Um exemplo disso pode ser verificado diariamente na postura de profissionais clínicos diante de situações que demandem sua atuação como, em vias públicas, cinemas, aviões, ou seja, em qualquer local onde estejam presentes e surja um problema que gere necessidade de prestação de cuidado especializado: o profissional clínico percebe sua responsabilidade de atuar e age no sentido de identificar e ajudar a solucionar o problema. Pensando dessa forma podemos compreender que a atividade clínica do farmacêutico não pode e não deve ser exercida unicamente no ambiente hospitalar, mas em qualquer ambiente onde haja usuários de medicamentos que possam estar expostos ou experimentando agravos relacionados aos efeitos de seu uso.
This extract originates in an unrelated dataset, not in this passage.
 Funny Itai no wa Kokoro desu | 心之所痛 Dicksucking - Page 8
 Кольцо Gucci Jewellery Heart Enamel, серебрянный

É importante ainda destacar que a Farmácia Clínica representou a introdução da orientação da prática farmacêutica ao paciente. Contudo, alguns conceitos propostos colocavam ainda os medicamentos como elemento principal e somente mencionavam o paciente, o que fez com que a atividade de Farmácia Clínica fosse associada tanto a atividades diretamente realizadas com o paciente (clínicas) quanto com atividades realizadas de forma indireta. Esta mescla de atividades diretas e indiretas regidas pelo mesmo termo contribuiu para sua própria descaracterização, enquanto atividade estritamente clínica, contribuindo para as discussões que geraram a proposta um redirecionamento da atividade do farmacêutico clínico através do conceito de Atenção Farmacêutica ao final da década de 1980.